Приводить довольно объемное рассуждение целиком здесь не стоит, ибо (в полемическом задоре и обилии примеров) это история развития маленького человека вообще, которая доказывает, что маленький человек – главное завоевание гуманистов XIX столетия, выпестованное классической критикой, растиражированное литераторами из-под полы гоголевской шинели и вызубренное учителями, которые передали свою любовь к Башмачкину миллионам и миллионам людей,– уже давно стал реальнее соседа по лестничной площадке, недостаточно маленького и недостаточно убогого. Появиться он был просто-напросто обязан, чтоб не подводить реализм. Долгое время велись работы по искусственному выведению если не маленького, то хотя бы очень среднего человека, покуда не было замечено, что никаких особенных условий для этого не нужно, что авторитет реализма как таковой и канонизированная любовь к тому же Башмачкину уже дают плоды, и маленький человек, которого уже можно любить, существует. В соответствие с эталоном он кретиноват, удобен в эксплуатации, обладая при незначительных запросах ограниченными потребностями, и, что самое ценное, совершенно как Акакий Акакиевич, от всей души хочет, хочет быть именно маленьким человеком и просит лучше что-нибудь переписать, даже когда искушают повышением.
Остается добавить, что все сказанное, к сожалению, крайне мало относится к человеку, представшему перед Юлием Петровичем в ту ночь.
Если быть объективным – что в первый момент не получилось у Щеглова,– рост человека колебался между метром десятью и метром пятнадцатью. Рост колебался потому, что человек, заложив руки за спину, задиристо раскачивался на носках. При этом – то есть при такой миниатюрности (а сложен он был пропорционально, и все части тела соответствовали высоте, если можно так сказать) – он имел вполне мужской тембр голоса и узенькие жуликоватые усы, которые, как ни странно, придавали лицу интеллигентность. Одет же человек был, не в пример Щеглову, почти безукоризненно, тем более коричневая куртка на молнии, потертые джинсы и кроссовки, как выяснилось со временем, составляли далеко не весь его гардероб.
– Знаете что, прекратите таращиться! – сердито предложил он.– В конце концов, это глупо. Сала хотите?

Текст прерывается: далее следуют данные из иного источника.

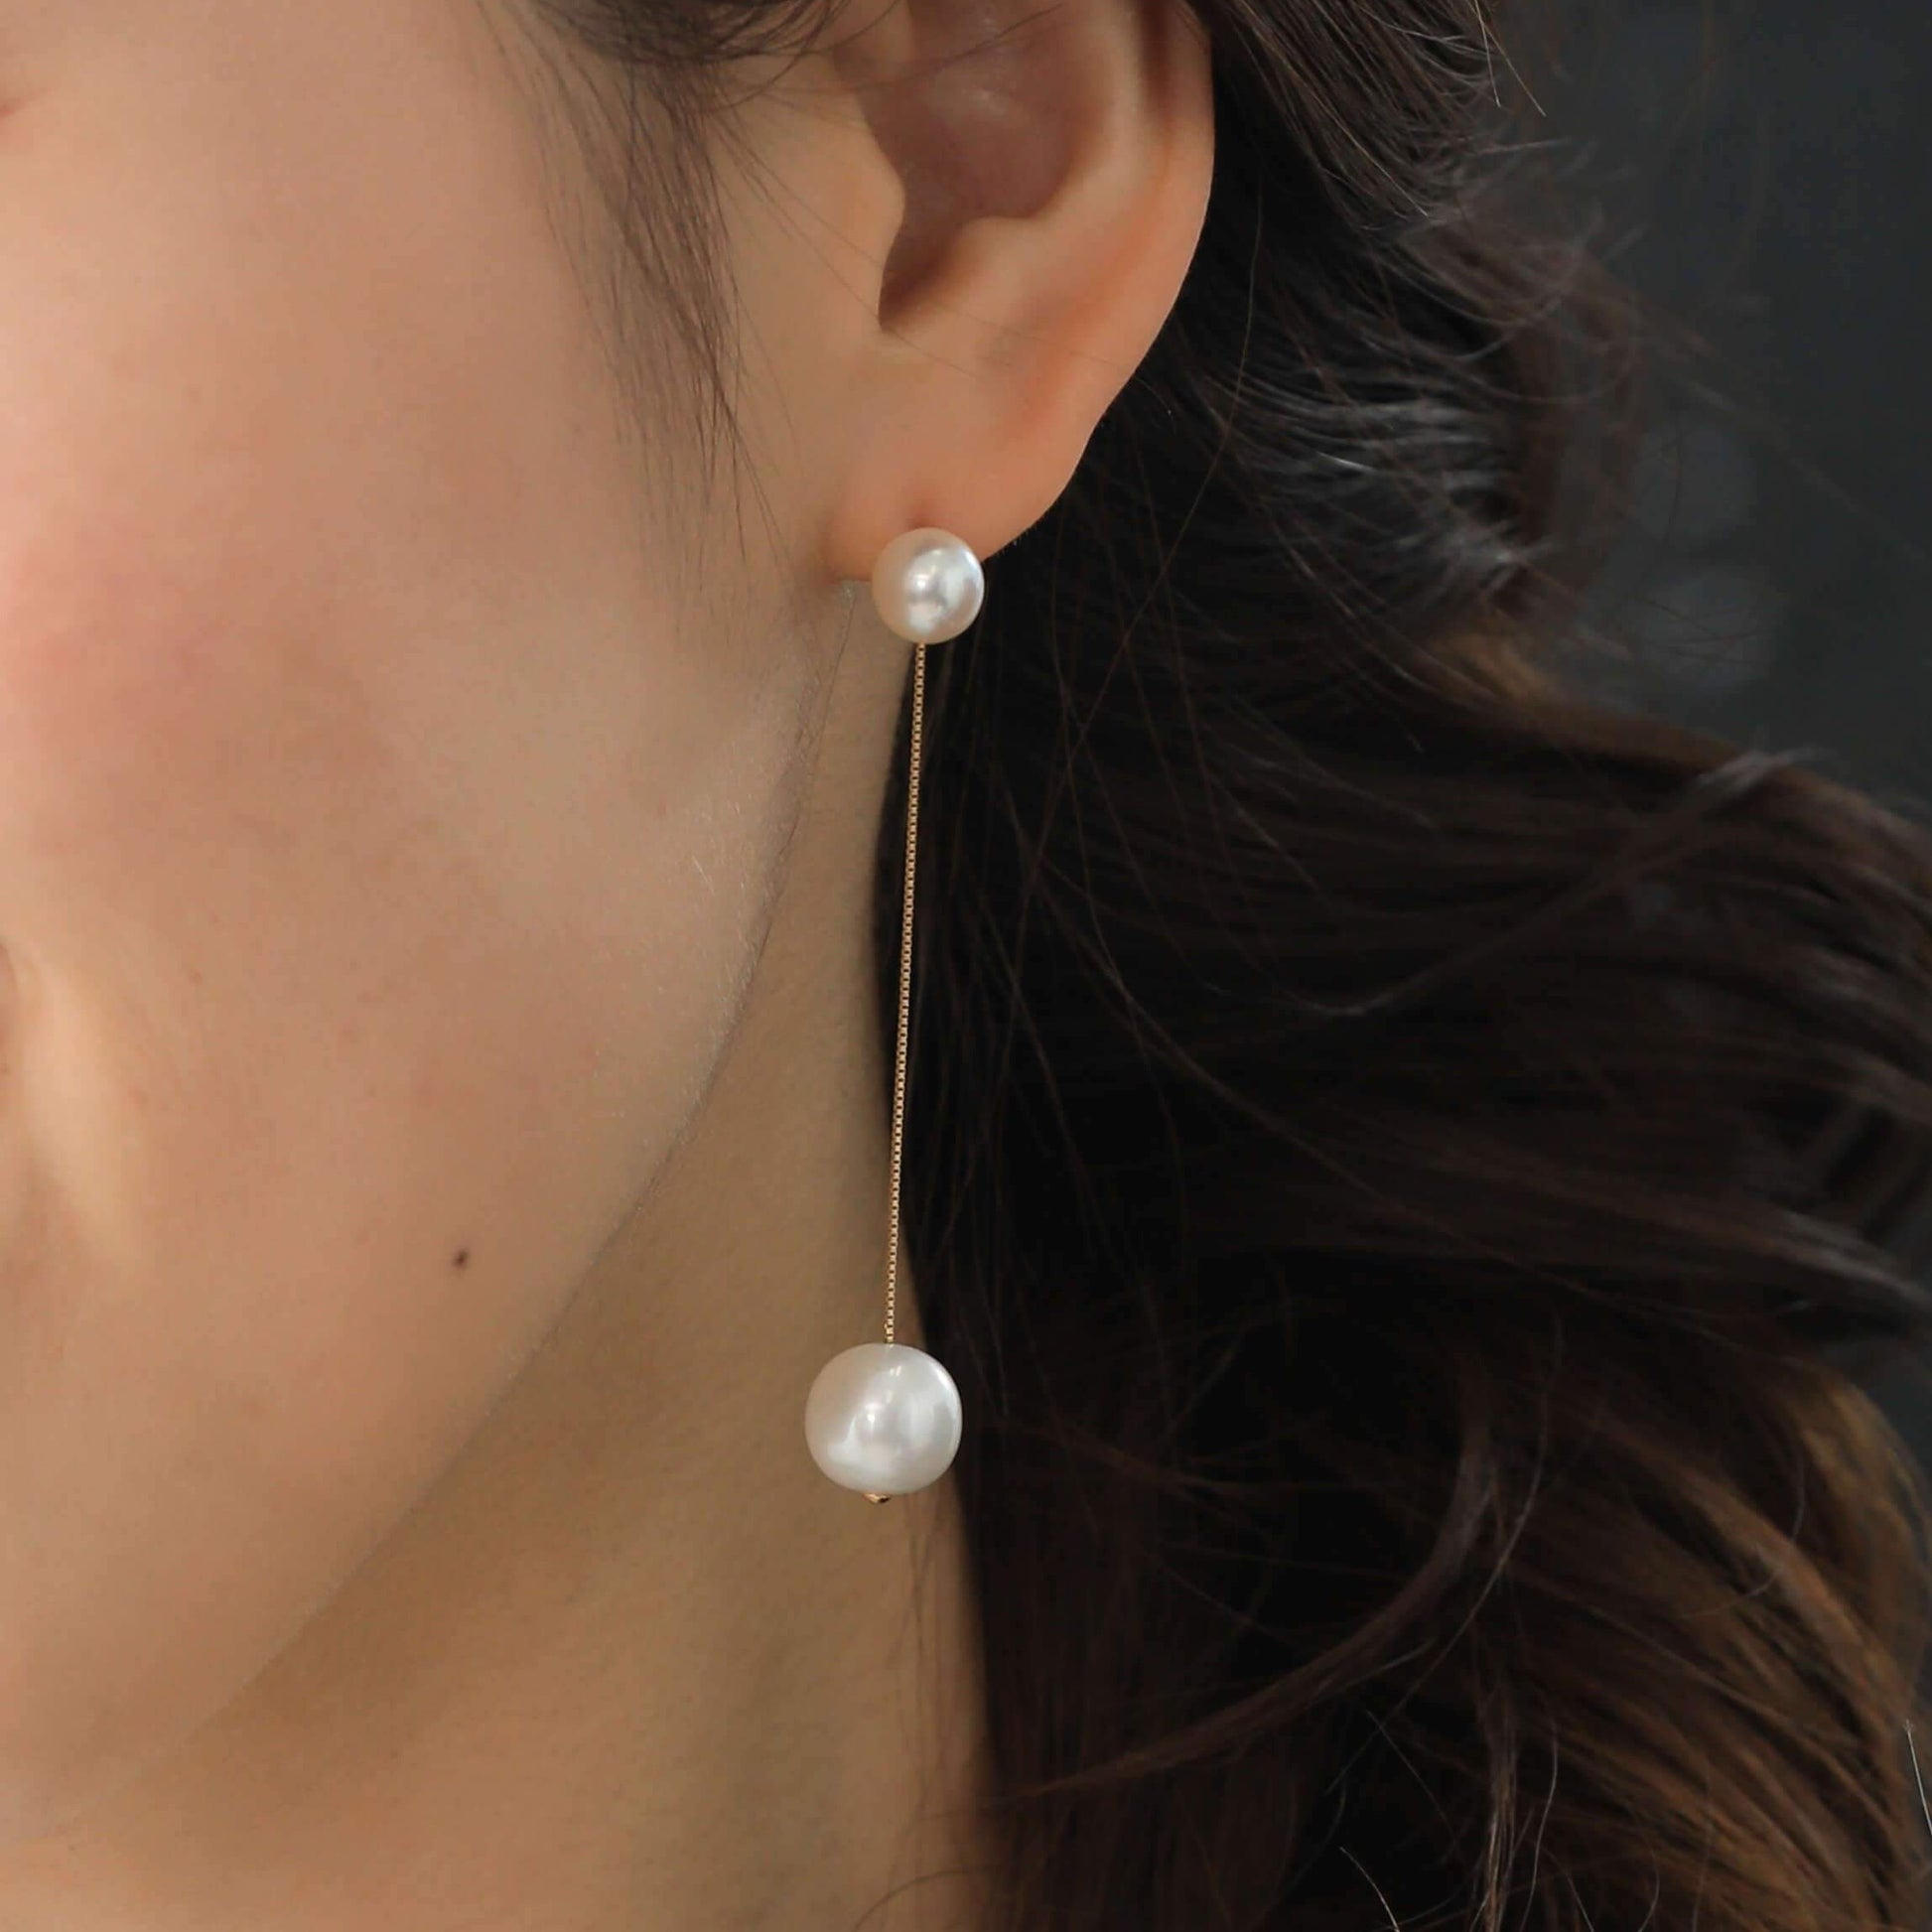 Enhance your elegance with Sway Pearl Piercing - a radiant woman wearing pearl earrings and beaming with joy.

– Не знаю,– ответил Юлий Петрович.
– Сала можно или хотеть, или не хотеть. Не знают только, где его взять,– заметил человек.– Кстати, на вашем месте я бы все-таки сделал лицо поумнее. И сказал бы "войдите".
– Да-да,– кивнул Юлий Петрович.
Маленький человек, все так же амбициозно держа руки за спиной, обошел комнату, как обходят малоинтересный предбанник музея, выглянул из окна в ночь и хмыкнул.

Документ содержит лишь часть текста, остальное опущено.